Evaluating a Regression Model with RMSE

In the last lesson we trained a baseline linear regression using only numeric features and looked at its predictions qualitatively. Now we need a quantitative way to say how good (or bad) it is. Enter RMSE — Root Mean Squared Error. In this lesson we’ll define RMSE, unpack what it measures, implement it in a few lines of NumPy, and show exactly how to use it with our validation split.

Why RMSE?

Visual checks (overlaid histograms, scatterplots) are useful, but they don’t give a single number you can compare across experiments. RMSE gives you:

a single scalar that summarizes the typical prediction error,
sensitivity to large mistakes (squares penalize big residuals),
an interpretable unit: same units as the target (if the target is in dollars, RMSE is dollars; if it’s log-price, RMSE is in log units).

Definition

For a dataset with $m$ examples, predictions $\hat{y}_i$ and true targets $y_i$:

\[\mathrm{RMSE} \;=\; \sqrt{\frac{1}{m}\sum_{i=1}^{m}\left(\hat{y}_i - y_i\right)^2}\]

Read it left-to-right:

compute the error $(\hat{y}_i - y_i)$ for each example,
square each error (makes negatives positive and punishes large errors),
take the mean of those squared errors,
take the square root to return to the original units.

Tiny worked example (by hand)

Suppose:

predictions: $[10,\; 9,\; 11,\; 10]$
actuals: $[ 9,\; 9,\; 10.5,\; 11.5]$

Errors: $[1,\; 0,\; 0.5,\; -1.5]$ Squared: $[1,\; 0,\; 0.25,\; 2.25]$ Mean squared error: $(1 + 0 + 0.25 + 2.25)/4 = 0.875$ RMSE: $\sqrt{0.875} \approx 0.935$

That “0.935” is in the same units as the inputs.
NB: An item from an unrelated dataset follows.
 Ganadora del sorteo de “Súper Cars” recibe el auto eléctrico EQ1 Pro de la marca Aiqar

If these were log-targets, it’s a log error; if they were dollars, it’s dollars.

Implementation (NumPy)

A clean, vectorized version:

import numpy as np

def rmse(y_true, y_pred):
    return np.sqrt(np.mean((y_pred - y_true) ** 2))

That’s all you need.

Where to compute RMSE in our pipeline

We trained the model on log-transformed targets (y = log1p(msrp)). That gives us two valid choices:

Option A — RMSE in log space (what the model actually predicts)

y_val_pred_log = w0 + X_val @ w    # from your trained linear model
rmse_log = rmse(y_val, y_val_pred_log)
print("Validation RMSE (log space):", rmse_log)
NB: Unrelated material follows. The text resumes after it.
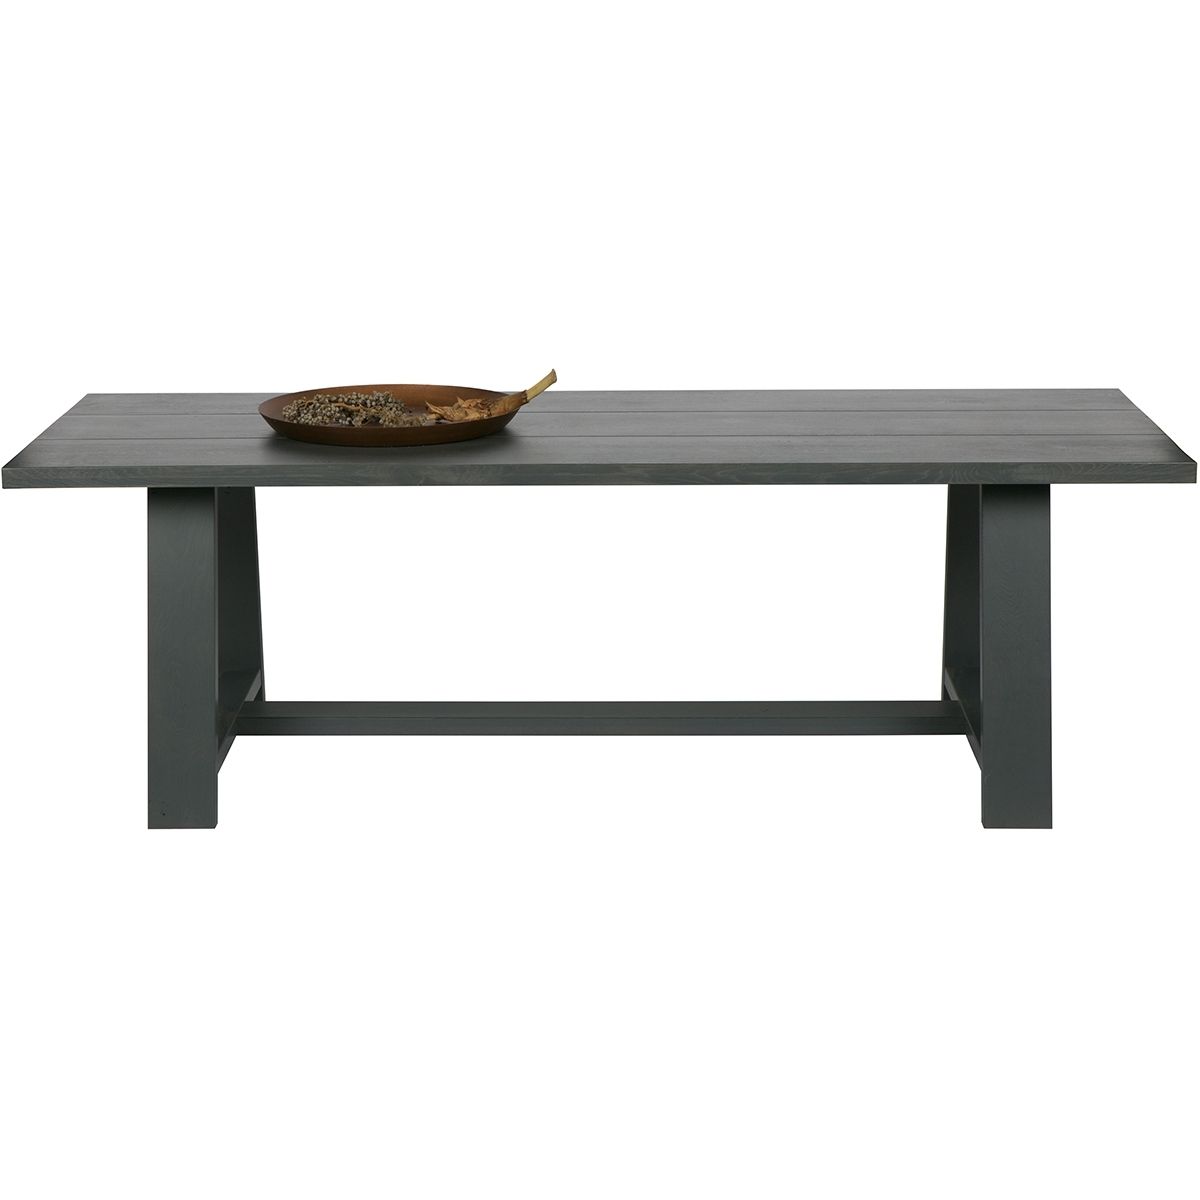 Square Oak Dining Tables Regarding Latest Square Oak Dining Table • Woo .design (Photo 13 of 25)

Interpretation tip: if you had used plain log(msrp), then exp(rmse_log) is the typical multiplicative error factor. With log1p, it’s similar for large prices; exact interpretation is slightly shifted for small prices.

Option B — RMSE in dollars (human-friendly)

y_val_pred = np.expm1(y_val_pred_log)
y_val_true = np.expm1(y_val)
rmse_dollars = rmse(y_val_true, y_val_pred)
print("Validation RMSE ($):", rmse_dollars)

Pick one and stick with it for comparisons. I usually track both during development: log RMSE for optimization, dollar RMSE for stakeholder reporting.

Common pitfalls (avoid these)

Mixing splits: compute RMSE on the validation set, not the training set (and reserve the test set for the very end).
Mismatched spaces: don’t compare log predictions to dollar targets (or vice versa). Either both log or both dollars.
NaNs in features or targets: ensure you imputed or removed them before predicting; otherwise your RMSE can silently become nan.
Shape/broadcast bugs: y_pred and y_true must align (same length, same ordering).

What a good number looks like

Relative sense: compare RMSEs between models; lower is better.
Absolute sense (log space): smaller log-RMSE means predictions are tighter multiplicatively. For rough intuition, if rmse_log ≈ 0.2, that’s about a ±22% multiplicative error factor (since exp(0.2) ≈ 1.22).
Absolute sense (dollars): in $, RMSE tells you a typical error size; e.g., “on average we’re off by about $3,800.”

Next steps

Compute validation RMSE for your baseline numeric-only model.
Use it as a benchmark.
Then iterate: better imputation (e.g., medians), add categorical encodings (make, model, transmission…), and consider regularization (Ridge). Each time, recompute validation RMSE and keep the improvement if it’s real.

That’s how you turn a qualitative impression into a quantitative, defensible evaluation.